The Zurich Prosocial Game (ZPG) [27] was selected as it provides a measure of prosocial behavior (i.e., helping). In addition, it includes conditions that are designed to measure the impact of reciprocity, costs, and distress on helping behavior. In this game participants move a virtual character (smiley) in a maze to reach treasures and stars in a limited amount of time. Treasures are converted into points. Participants were instructed that the goal of the game was to acquire as many points as possible using treasures and stars. Treasures were worth 50 points and stars which appeared on the paths were worth 20 points, each. Points acquired were not converted to money.

In each round of the game, a different alleged participant was displayed as playing the game at the same time on the screen. Participants were instructed that they would share the screen with a different player for each round and that both players could reach their treasure independently of each other, as each player had two separate paths to choose from. During the game, doors (red or blue) that fell on the paths could block the participant and the other player from advancing to the treasure.

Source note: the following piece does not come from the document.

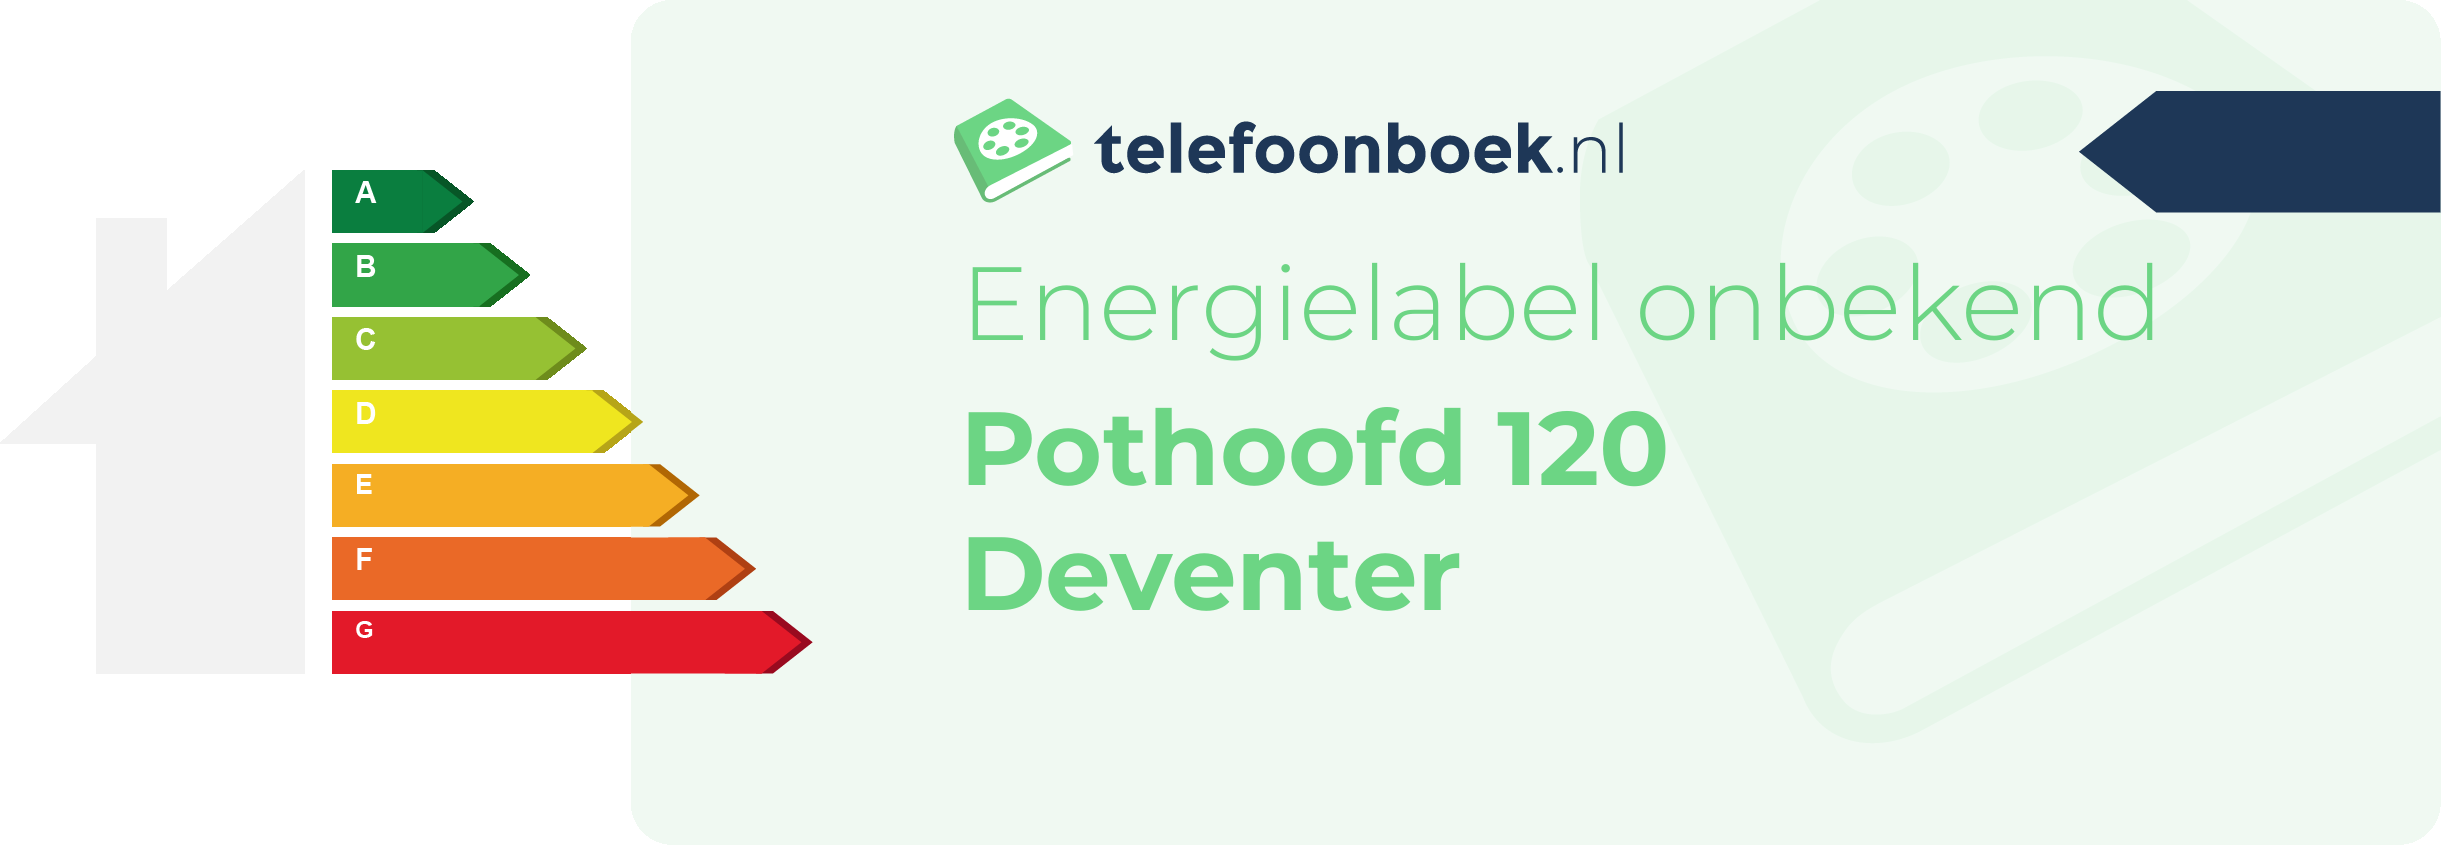 Energielabel Pothoofd 120 Deventer

Participants were instructed that red keys opened red doors and that blue keys opened blue doors irrespective of the path the doors fell on. Each time participants used their own keys to open the door of another player, this was counted as prosocial behavior. Participants could see the number of doors that were going to fall during the game, the keys they had, the keys of the other player, as well as the time they had left. Each game ended when both players had reached their treasure or when the time was up.

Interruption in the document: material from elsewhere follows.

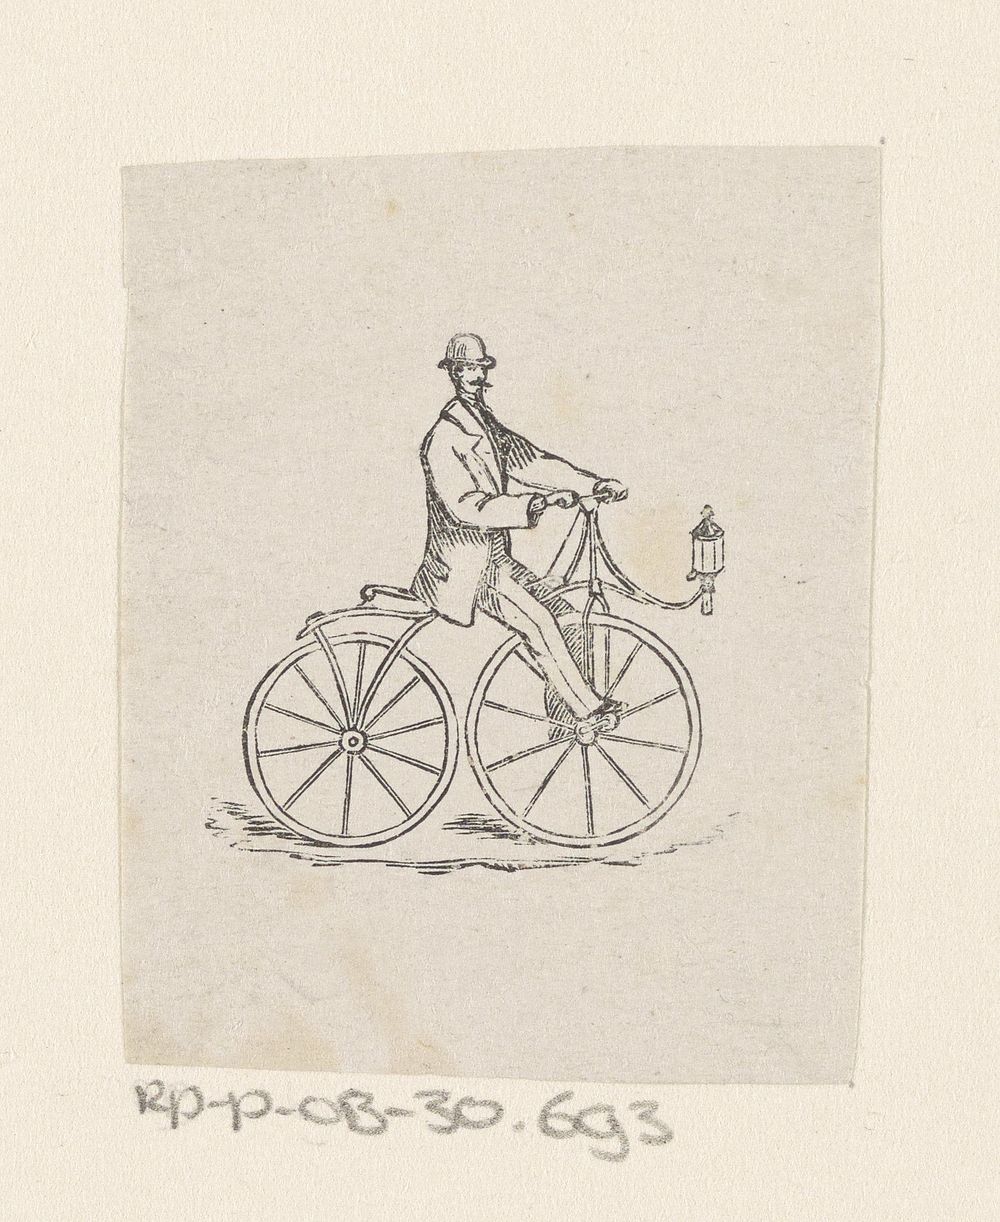 Man met een bolhoed op een fiets (c. 1869) by Isaac Weissenbruch

The ZPG included different types of trials in order to test the effect of different factors (reciprocity, distress, cost, and competition) on prosocial behaviors. The ZPG has a total of 11 trials, from which 10 offer the participants the opportunity to help the other, under different conditions that sometimes occur together and are thus not mutually exclusive. To observe the impact of reciprocity on prosocial behavior, four out of ten trials were "Reciprocity" trials in which the participant received help from the other "player" before having the opportunity to reciprocate this help. Conversely, four trials were in the "No Reciprocity" condition, in which the participant did not count on the help from the other. In order to investigate the effects of perceived “Distress” on prosocial behavior, the character of the other "player" began to cry when blocked by a door (visually, and participant heard sounds of crying via headsets) in five trials. There were also trials aiming to evaluate the cost of helping. Among these trials, there were four “high cost” trials where participants pay a price when helping the other player. More precisely, they had to give up their last key of a certain color when helping the other player, while one more door of that color was yet to fall and could thus block the participant from reaching their treasure. In the four “low cost” trials there was no such risk. Finally, three trials aimed to observe whether participants helped rather than increased their own profits (here: points). In these trials, a star appeared at the same time as the other "player" was blocked, leading to a kind of competition between helping the other or scoring more points. These situations were referred to as the "Helping Competition" condition. All trial types were randomized, and each participant completed all ZPG conditions.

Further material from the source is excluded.